Starring: James Franco
Directors: Rob Epstein & Jeffrey Friedman
Poetry in motion.
I’ve probably acknowledged on this blog before that, on occasion, I will want to watch something for fairly shallow reasons. It’s probably best that I admit that from the outset, that was the case here: I put this movie on my LoveFilm list because it was my understanding that, at some point, it involved James Franco making out with Aaron Tveit, and I wanted to see that. Look, I’m only human. The heart wants what it wants, okay?
I wasn’t really sure how much I was likely to enjoy the other, non-kissing parts of the film. One of the most important lessons that I learned as part of my English Literature degree was that, generally speaking, I have no great love for poetry. I’m not going to be some pointlessly inflammatory dickhead about it and claim that poetry has no merit or anything like that, but speaking on an entirely personal level, I’ve rarely found poetry to be worth the effort that is required to write it or read it.

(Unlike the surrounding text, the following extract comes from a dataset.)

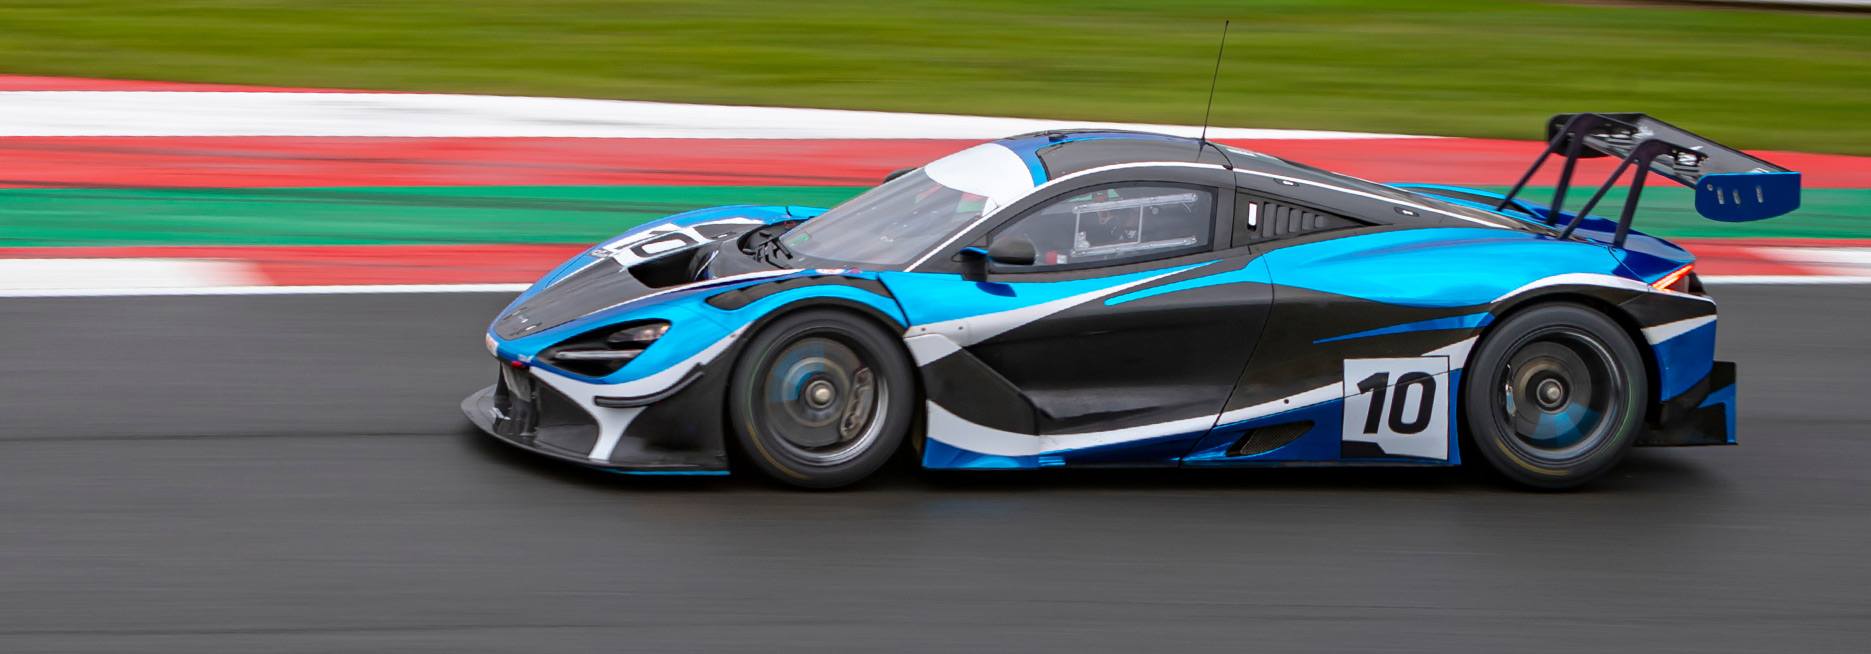 Race car branding with blue and black livery and the number 10 display

So as I started watching this film and realised that when it wasn’t about James Franco doing an (admittedly very accomplished) reading of Allen Ginsberg’s epic poem Howl, it was going to be spending a lot of time discussing the importance of poetry as an art form, my heart did sink a little bit.
Interestingly, what ended up saving this film for me is probably also its biggest flaw: that it’s essentially at least three films merged into one. It is, at various points: a dramatic reading of the poem complete with animation that attempts to visually capture the lyrical content of the poem, an ostensible documentary of Ginsberg talking about his life and his art, and a restaging of the legal proceedings from when the publisher of Howl was charged with obscenity. Any one of these could potentially have been a film in their own right, if given a bit more room to develop; trying to fit them all into an already comparatively short feature (the runtime is around 84 minutes) means that all three end up getting a little bit stifled, and the whole thing ends up feeling very slightly too clever for its own good. Personally, I found the court proceedings by far the most interesting part of the film, perhaps because the idea of art and censorship has always fascinated me, and I would have been more than happy to just watch a film about that. Then again, I’m really trying to learn to base my critiques on whether a film achieves what it set out to do, rather than just whether it developed in the way that I wanted to, because sometimes I forget that the two aren’t always the same thing.
There’s still a lot to enjoy in this film though, particularly the acting. Franco is great as Ginsberg, particularly in the interview segments, where he’s the absolute picture of a writer discussing his work with passion, intelligence and total understanding. Occasionally in some of the faux-archive stuff I found him a little bit over-indulgent in his commitment to playing the nerdish side of Ginsberg, but that’s such a minor quibble as to barely even qualify. (For anyone wondering about what I said in the opening paragraph, he does indeed make out with Aaron Tveit, although much to my disappointment, the bedcovers were in the way for some of it. This is an unforgivable camera-blocking error.) Jon Hamm’s presence in this film is very interesting – I hadn’t even realised he was going to be in it until the title sequence flashed up, and his role as the publisher’s defence lawyer is surprisingly low-key. In the last quarter of the film, however, when he gets to do his summing-up he has an absolutely first-rate speech (which I’m assuming was, if not verbatim then at least very closely based on, the actual speech given by the defence lawyer at the time) about whether we have the right to censor art, and Hamm delivers it magnificently. I wouldn’t be at all surprised if it turned out he signed up for this film purely so he could do that scene. There’s also a memorable, if brief, turn from an unrecognisable Mary-Louise Parker as a literary expert who denounces Ginsberg’s work near the start of the film. I was disappointed we never saw her again.
So while the film was a little choppy and unfocused, and while I didn’t always care for the animated segments, one thing I can say in its favour is that I came away from it really wanting to read Howl on my own terms, because parts of it as delivered by Franco were extremely evocative, and I want to know if I’d find it that effective on the page by itself. And given my aforementioned lack of interest in poetry, that’s got to be a good thing, surely?